→ **Information provided**
=== Begin Enclosure ===
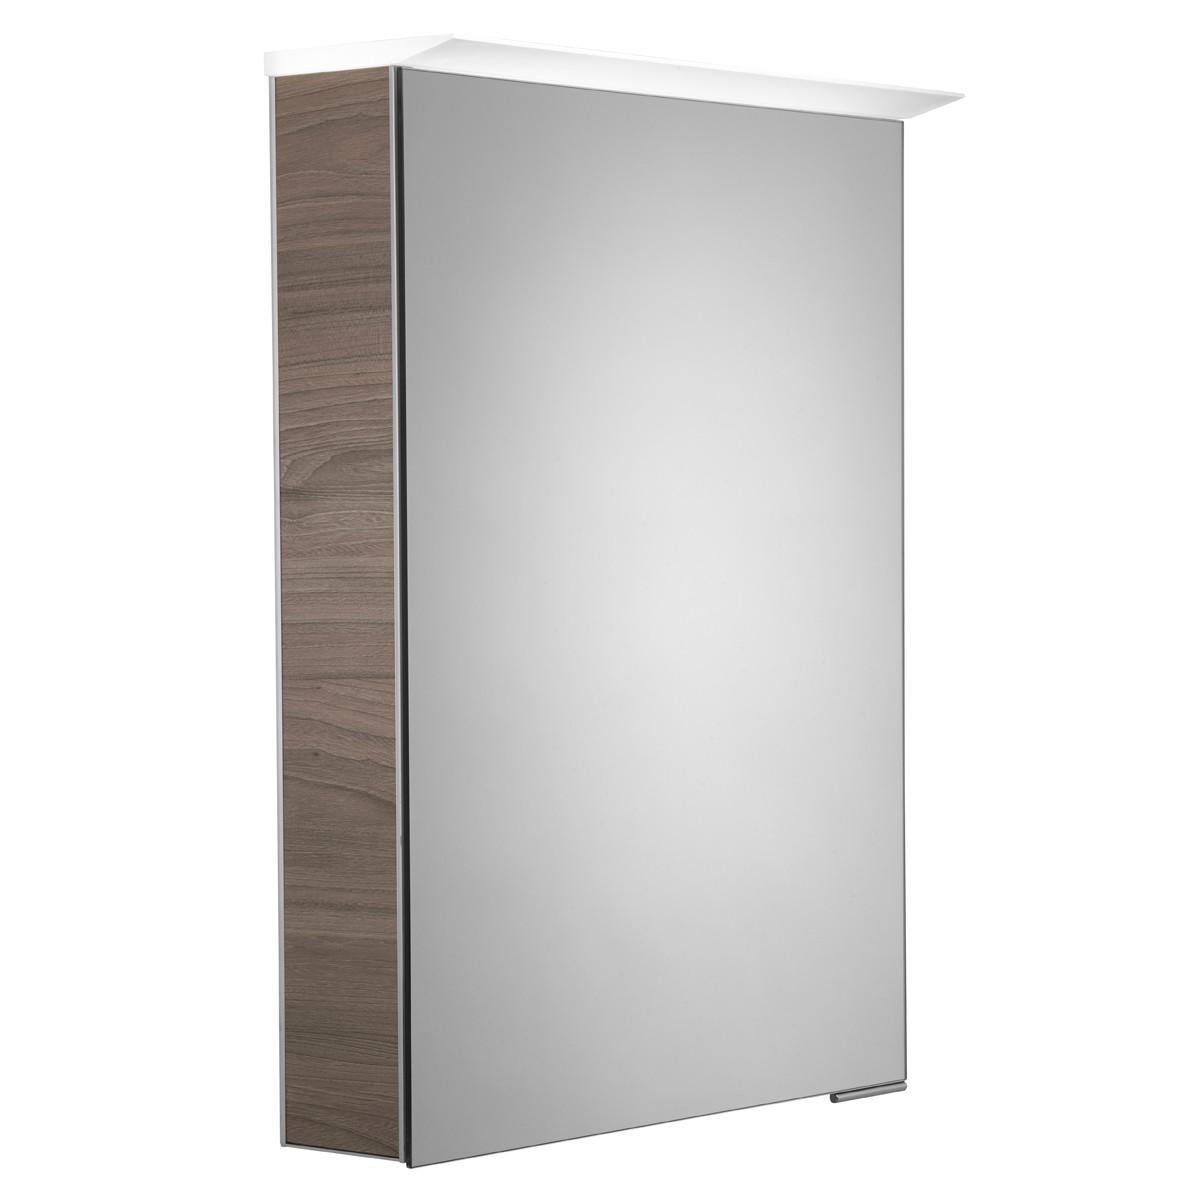 Roper rhodes virtue led illuminated bathroom cabinet in for Bathroom cabinets led
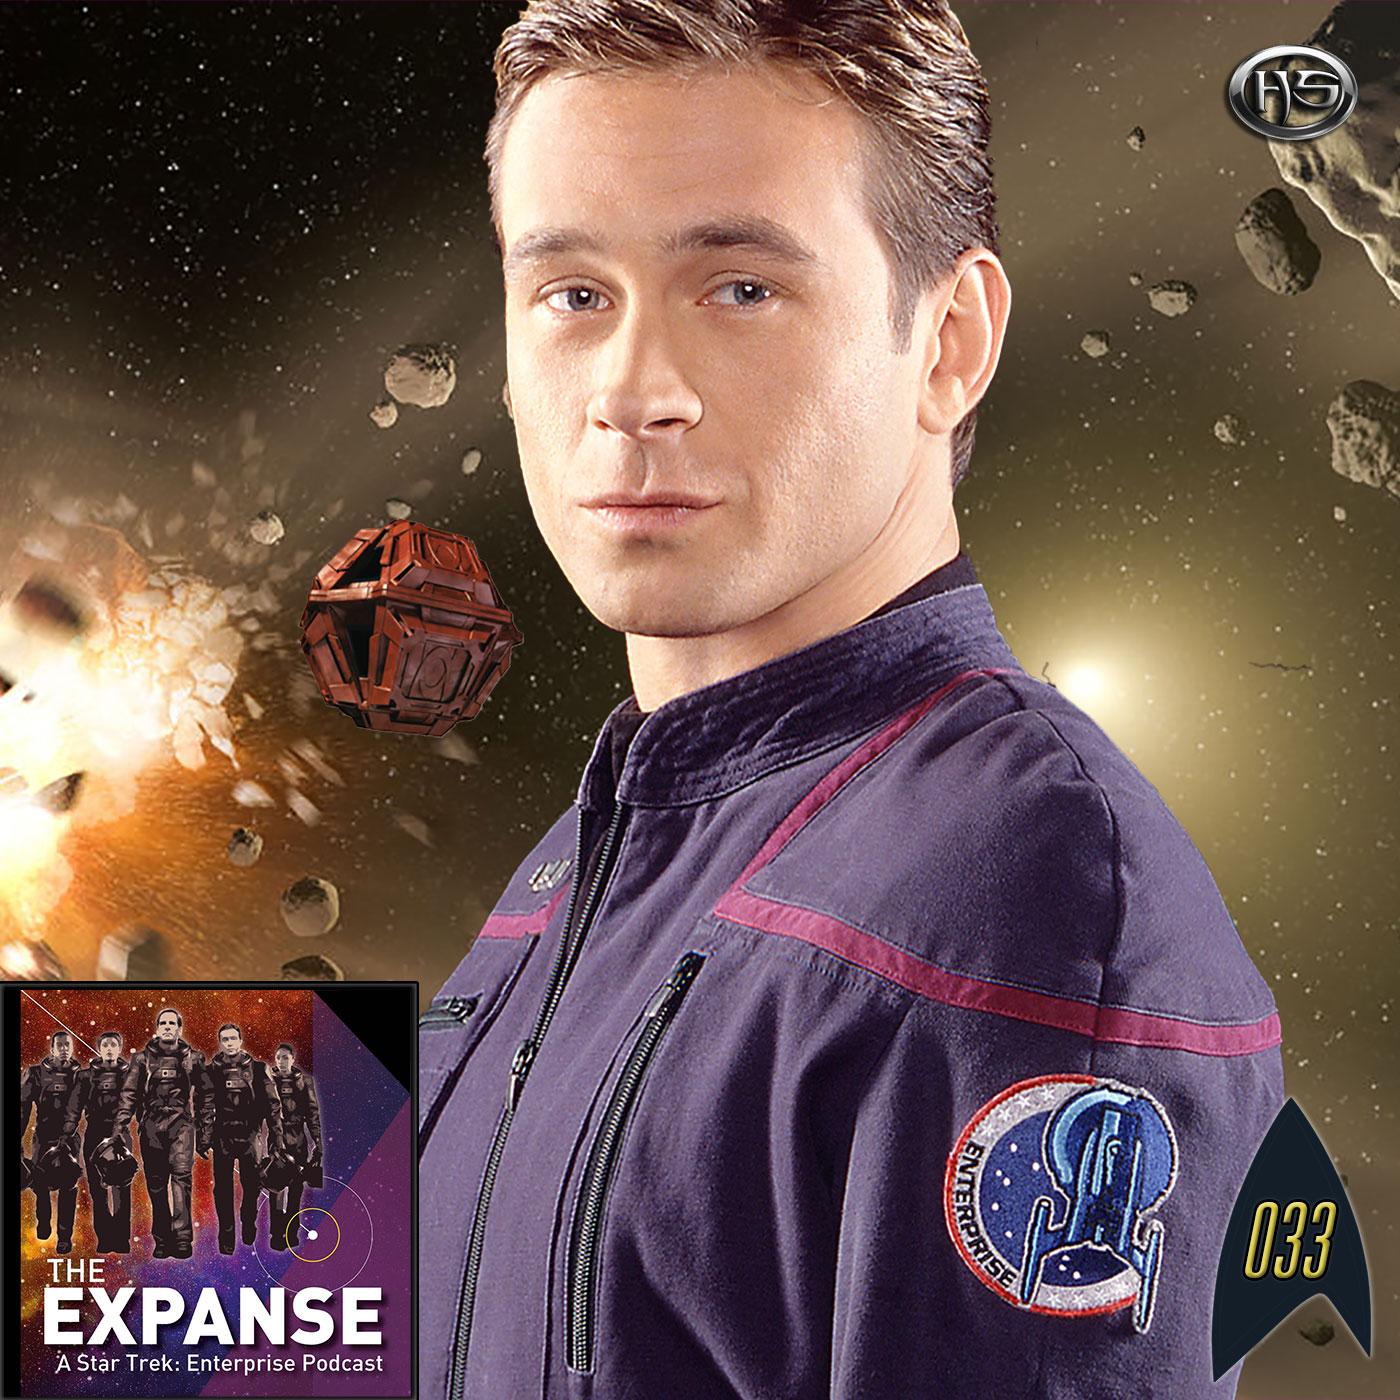 The Expanse Episode 33
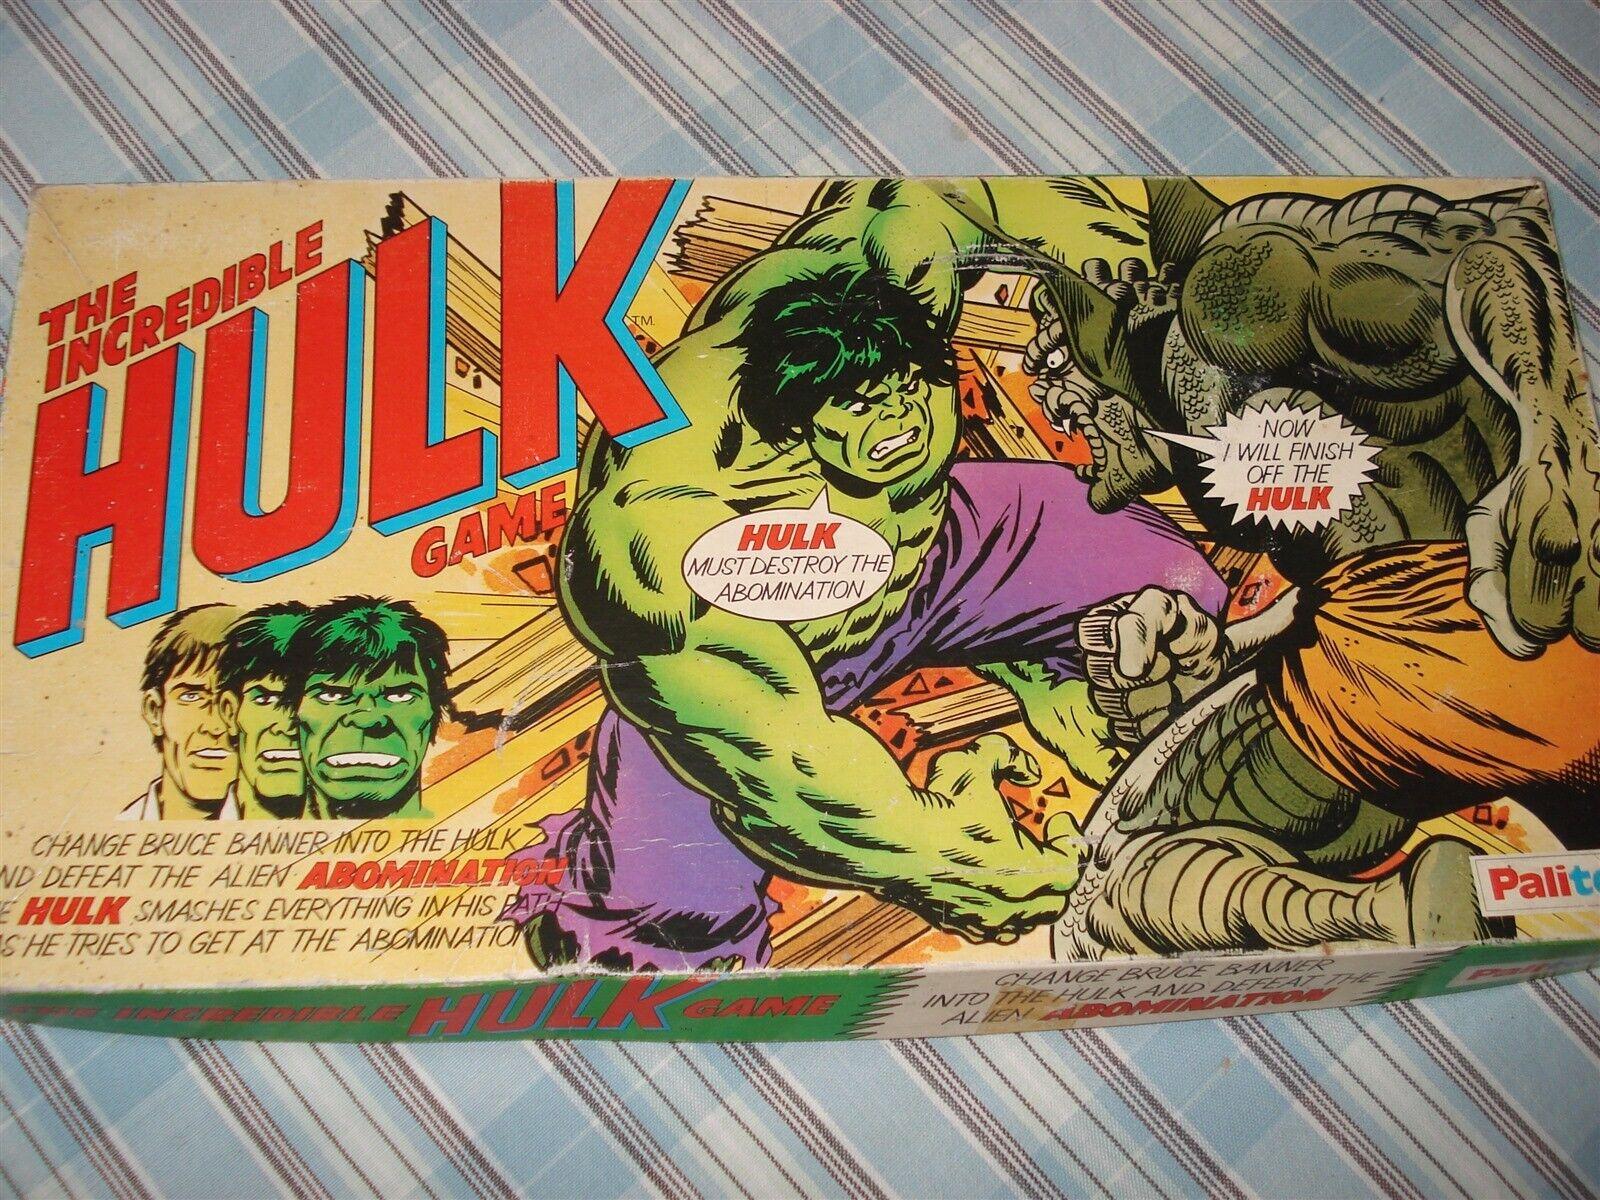 THE INCREDIBLE HULK GAME - PALITOY - 1979 - RARE - INCREDIBLE HULK GAME - HULK
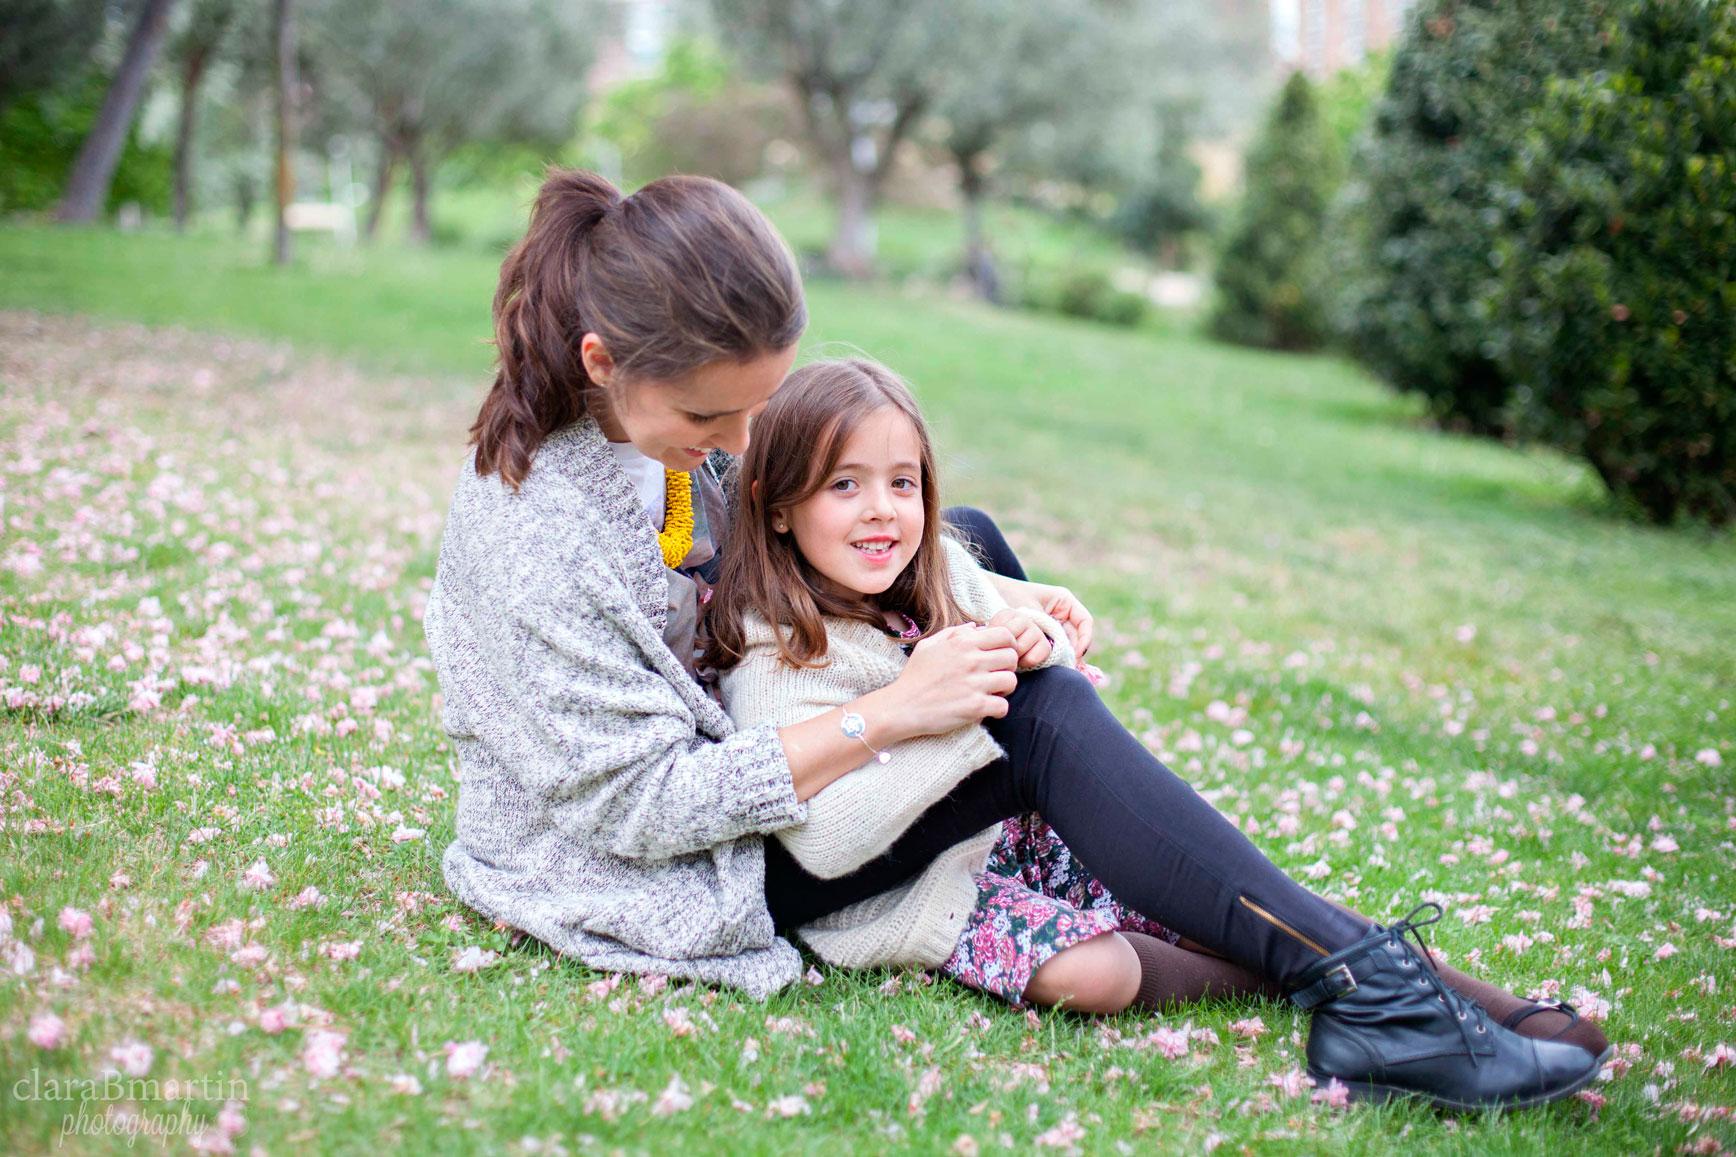 Mothers_day_claraBmartin_03
=== End Enclosure ===
From the line that contains "THE INCREDIBLE HULK" through the last line of the listing, copy each line exactly; both end lines stay in, and pictures stay out.

 THE INCREDIBLE HULK GAME - PALITOY - 1979 - RARE - INCREDIBLE HULK GAME - HULK
 Mothers_day_claraBmartin_03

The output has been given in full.